• Exercise
Up to the line containing "Excellent Pre-Owned Condition.", nothing is kept; from that line through the end of the data below, output every line exactly.

• Exercise data
- Opening Delimiter -
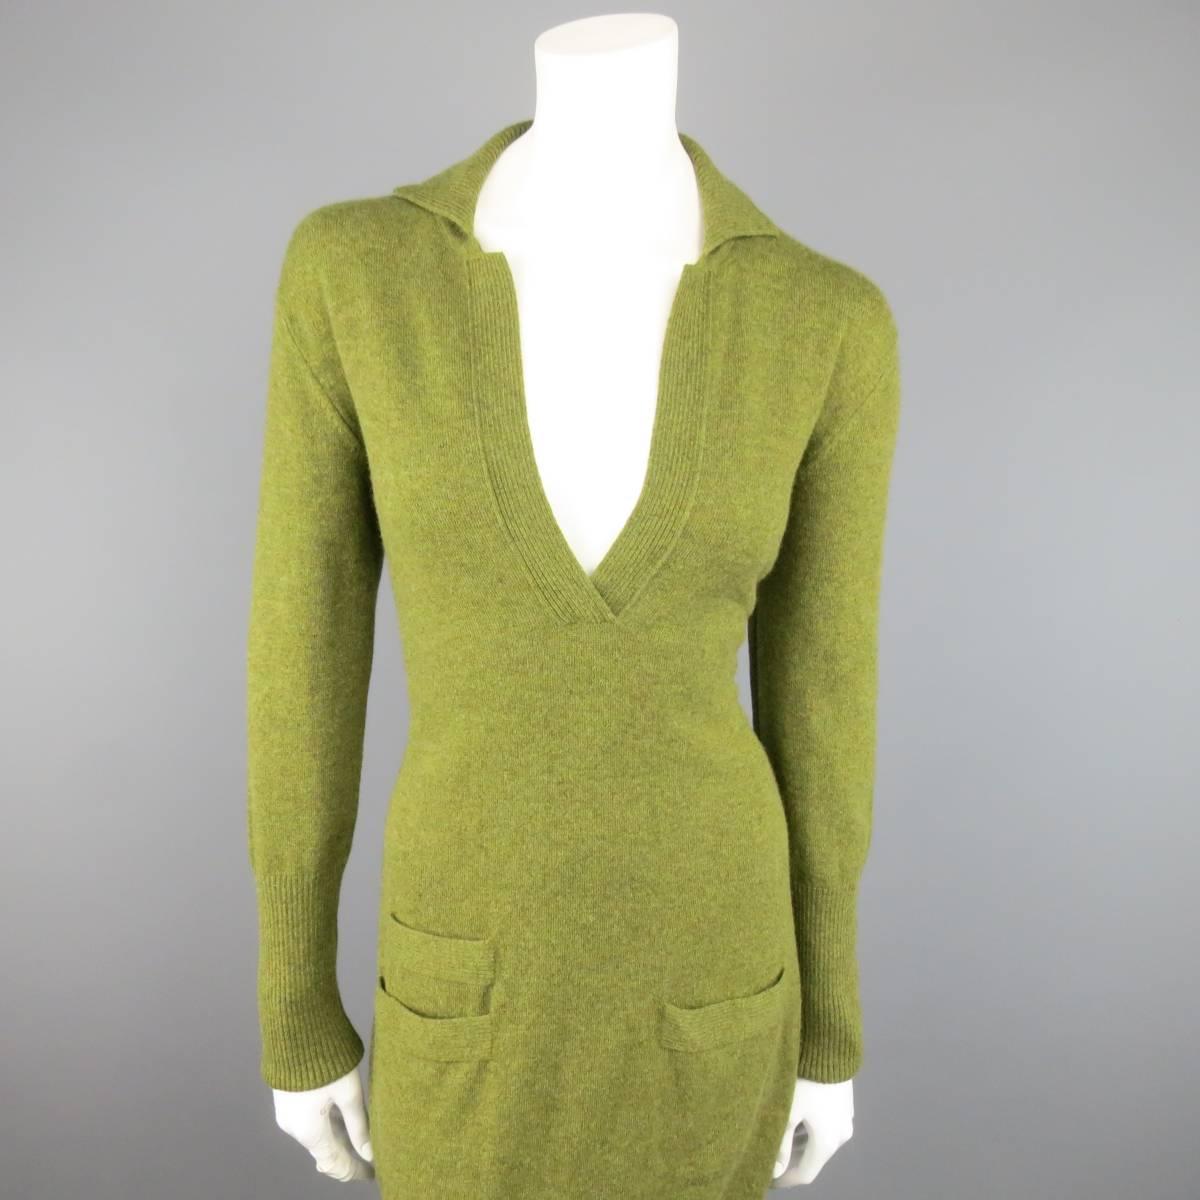 Vintage HERMES cashmere dress comes in a variegated olive knit and features a ribbed collar with plunging neckline, ribbed sleeves, patch pockets, and ribbed hem. Made in Scotland.
 
Excellent Pre-Owned Condition.
Marked: 42
 
Measurements:
- Closing Delimiter -
• Answer below
Excellent Pre-Owned Condition.
Marked: 42
 
Measurements:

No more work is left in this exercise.